§ **RECORDS TO USE**
══════

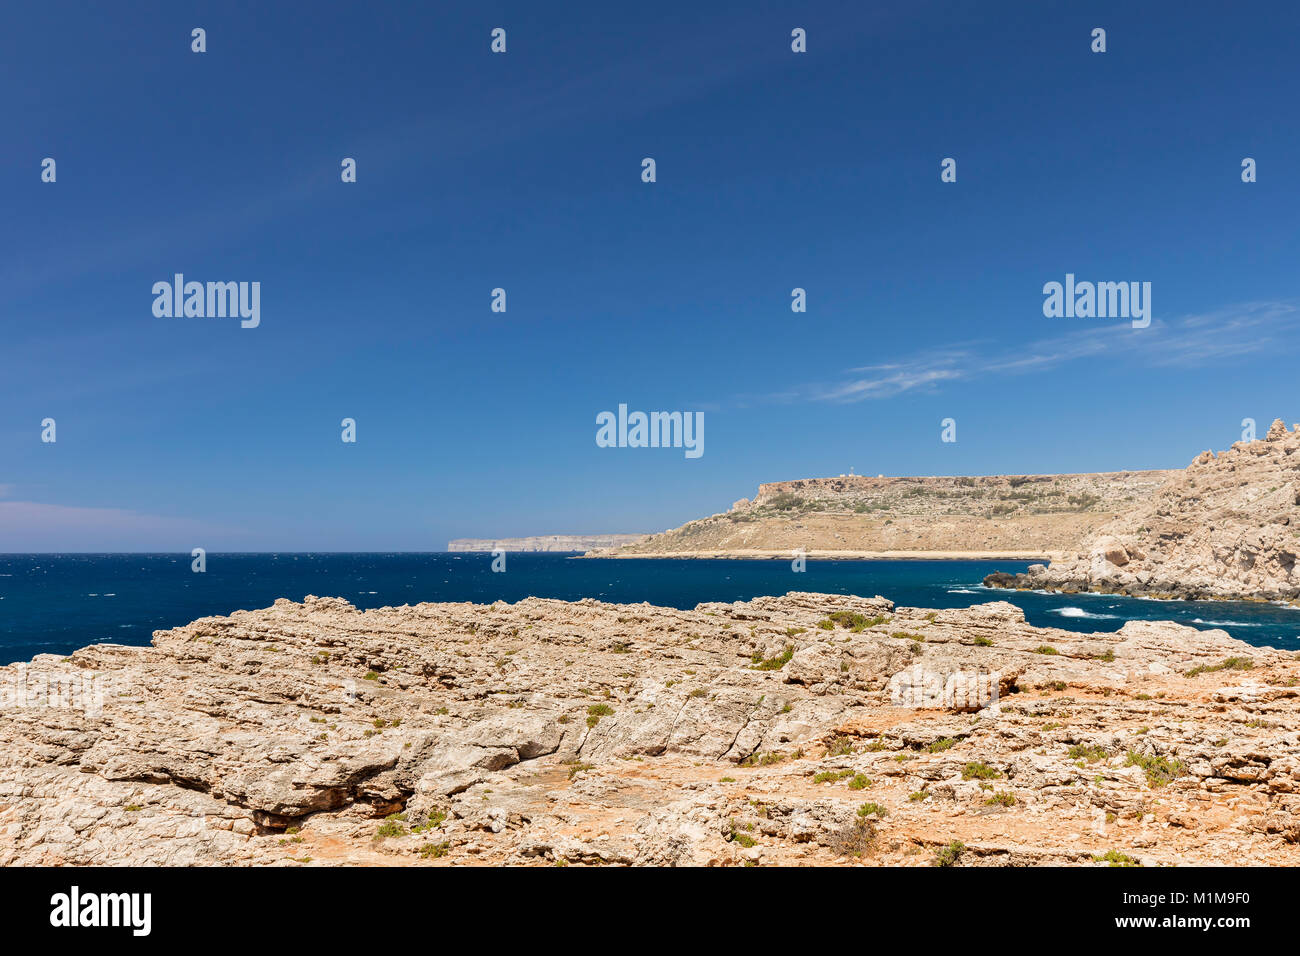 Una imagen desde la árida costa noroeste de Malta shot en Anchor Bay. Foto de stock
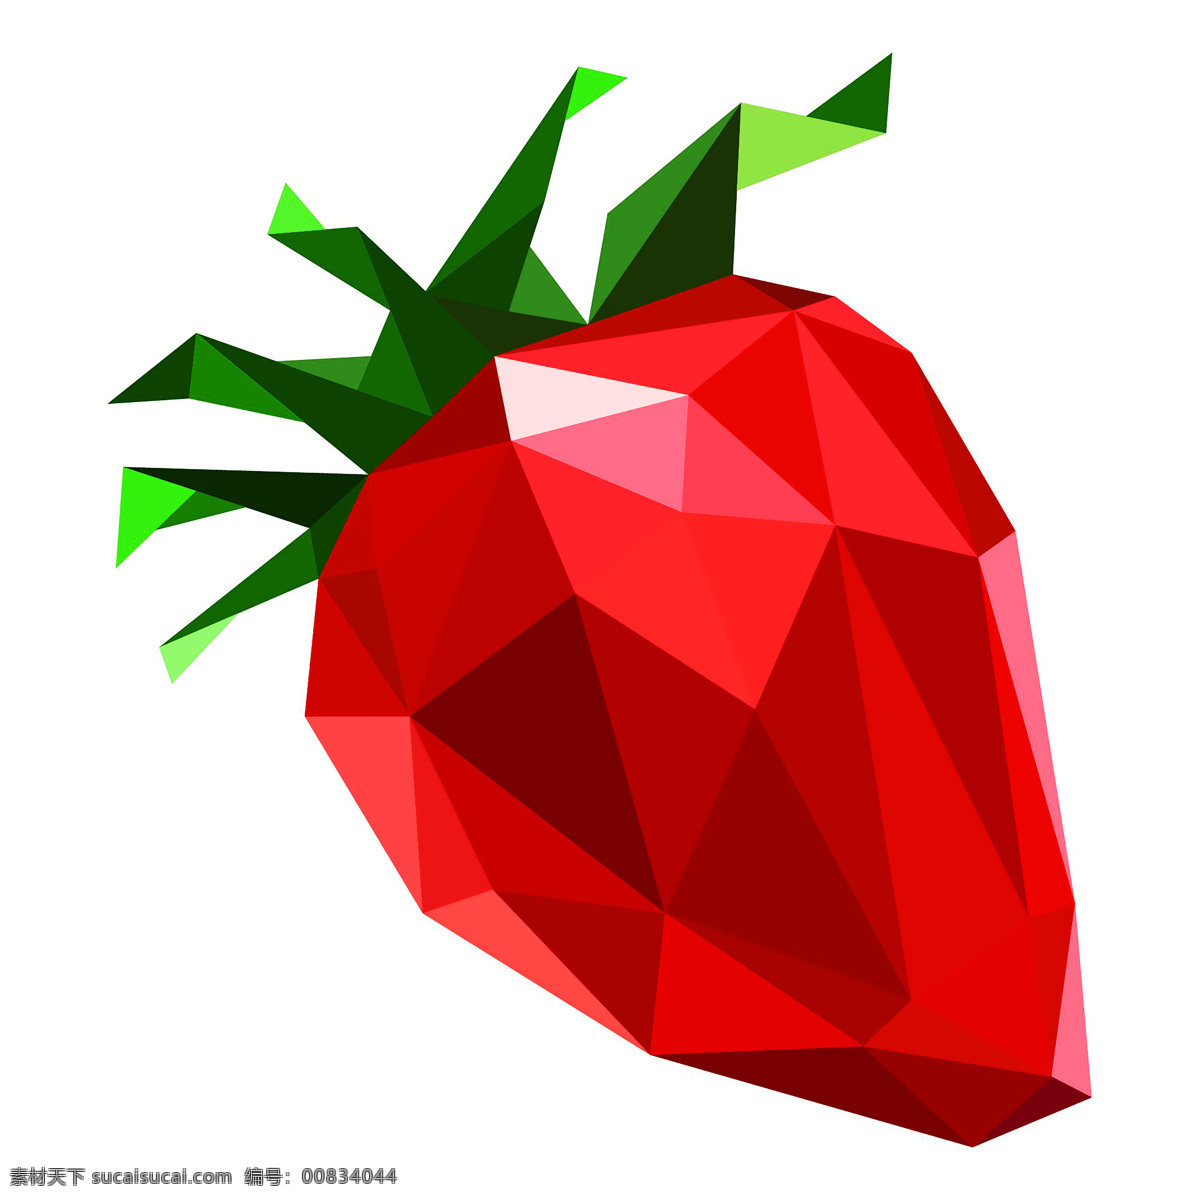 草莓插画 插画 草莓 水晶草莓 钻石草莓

══════

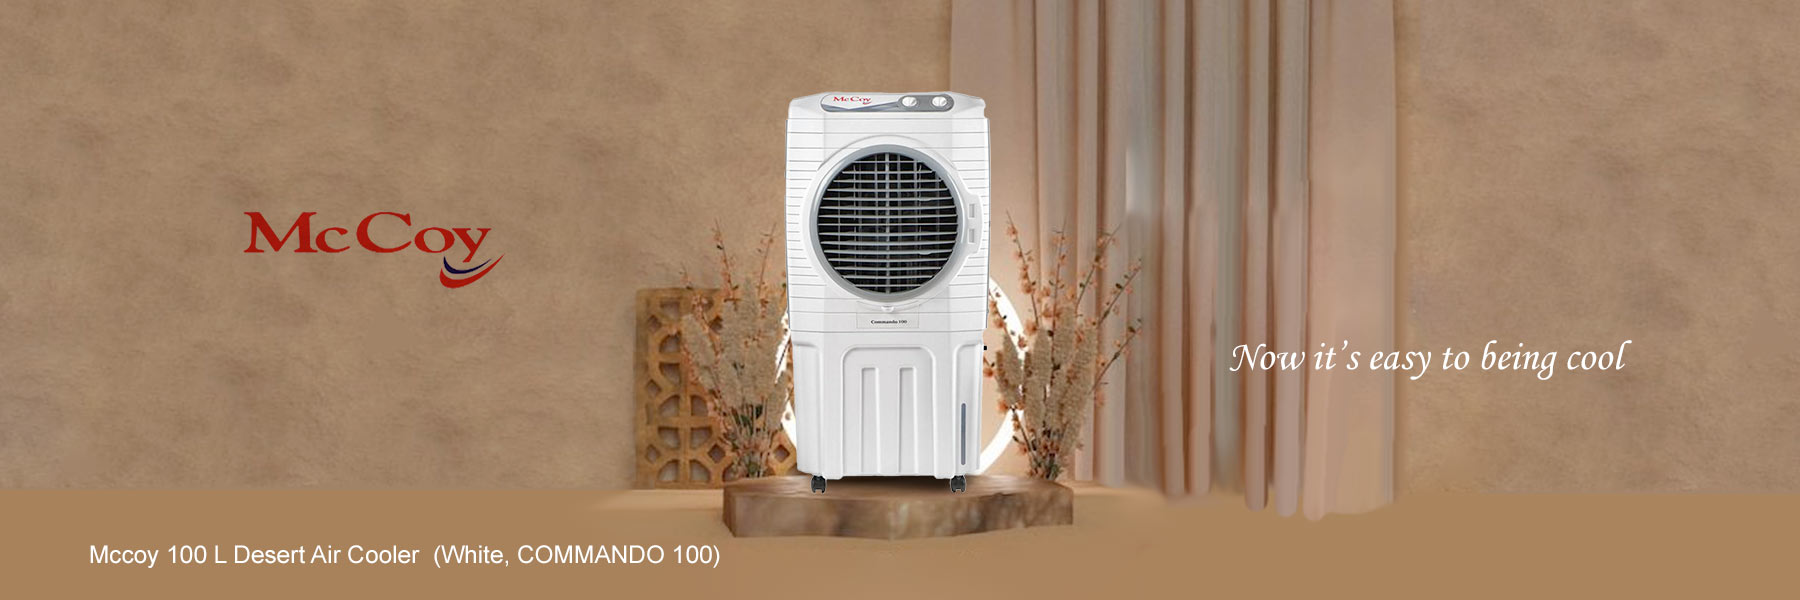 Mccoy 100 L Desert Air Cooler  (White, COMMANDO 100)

══════

Would you restate, exactly and with no pictures, the lines of the entries above from the one containing "Una imagen desde" through the one containing "草莓插画 插画 草莓 水晶草莓 钻石草莓"?

§ **RESPONSE TO THE EXERCISE**
 Una imagen desde la árida costa noroeste de Malta shot en Anchor Bay. Foto de stock
 草莓插画 插画 草莓 水晶草莓 钻石草莓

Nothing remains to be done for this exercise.